Government to expand Ahero Irrigation Scheme at Sh150m

An estimated 1,000 extra acres are targeted in the first phase.

In Summary

• The expansion will ensure more farmers are contracted to farm rice and benefit from their produce.

• The scheme started in 1960 has struggled over the years and NIB is committed to making it realise its full potential in rice production.

The National Irrigation Board is set to spend Sh150 million to expand the Ahero Irrigation Scheme in Kisumu county to boost rice production.

NIB general manager Gitonga Mugambi said the potential of the scheme, which was started in 1960 as a pilot, has not been optimally utilised through production.

The scheme has about 3,000 acres under irrigation. It has not progressed well due to numerous challenges that we want to tackle,” he said.

Mugambi spoke on Friday when he met farmers in Nyando constituency. He was accompanied by Western Kenya Schemes manager Joel Tanui. 

The NIB boss said the scheme has struggled over the years and the board is committed to making it realise its full potential in rice production.

The potential of this scheme is very high and it must be exploited to allow farmers to carry out meaningful economic activities to realise food security,” he added.

The works scheduled to kick off this financial year will take place in Nyando constituency, with an estimated 1,000 acres to be expanded in the first phase.

Mugambi said farmers will benefit from piped water from Nyando River to irrigate their farms for rice farming.

He told farmers that there will be no compensation for their land since they will practice rise farming on their farms once the expansion is complete.

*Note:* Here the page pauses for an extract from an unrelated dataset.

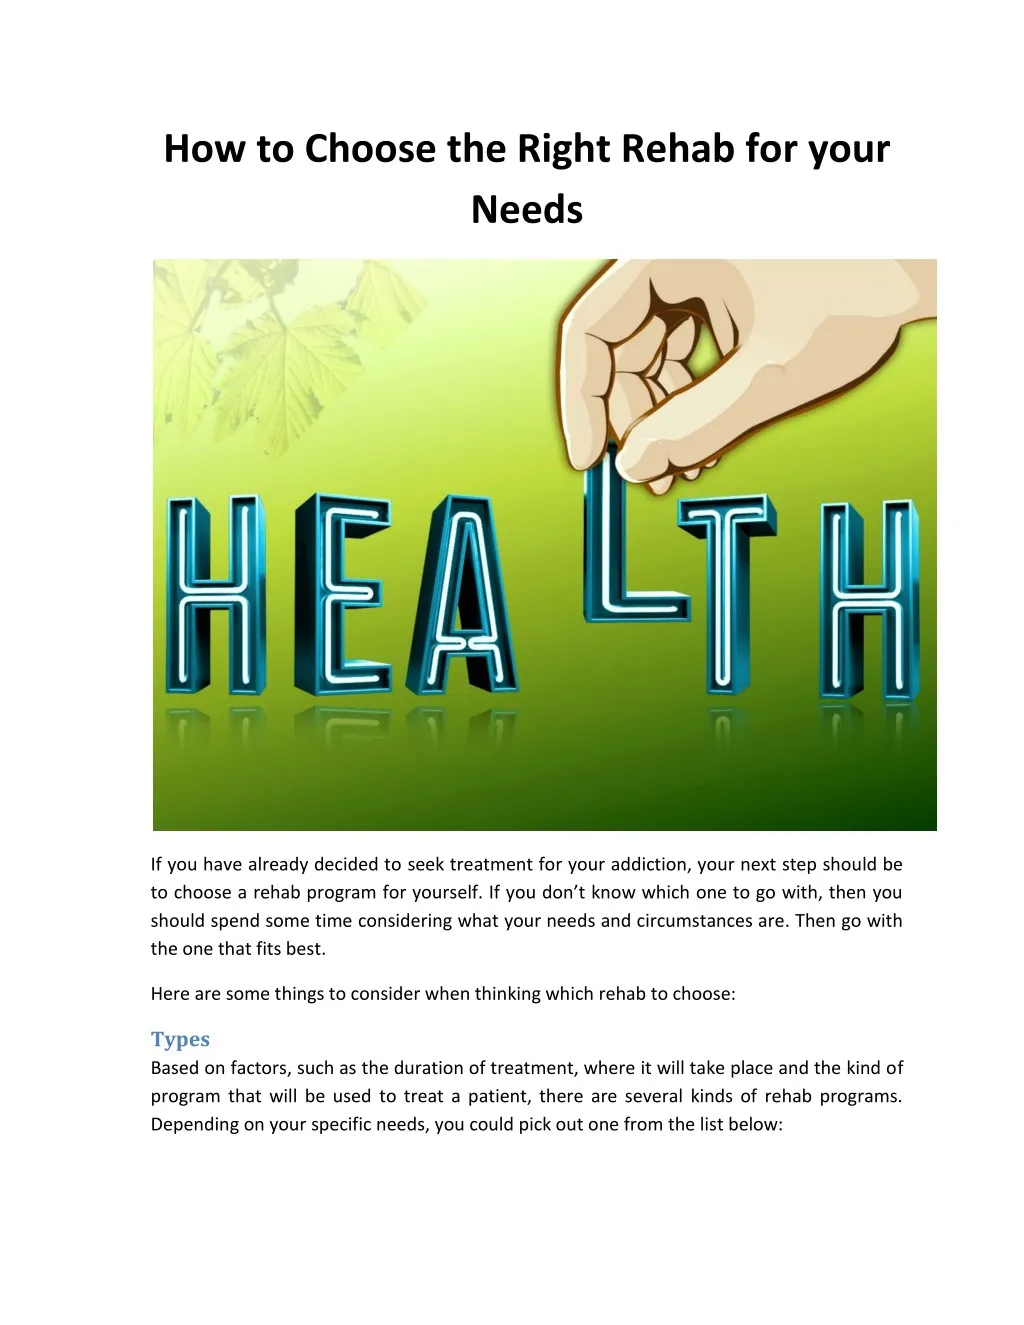 how to choose the right rehab for your needs

The expansion, Mugambi said, will ensure more farmers are contracted to farm rice and benefit from their produce.

 

Mugambi said that the board has worked on a system to halve the cost of production that was initially at Sh300,000 per acre on irrigation.

The GM said within the scheme, NIB has carried out a feasibility study and designs to change the system from pumping water to use of gravity.

He said pumping was the only means of supplying farmers with water thereby raising the cost of production. 

The venture is expensive but NIB has approached the Japanese International Cooperation Agency to fund the initiative,” Mugambi said.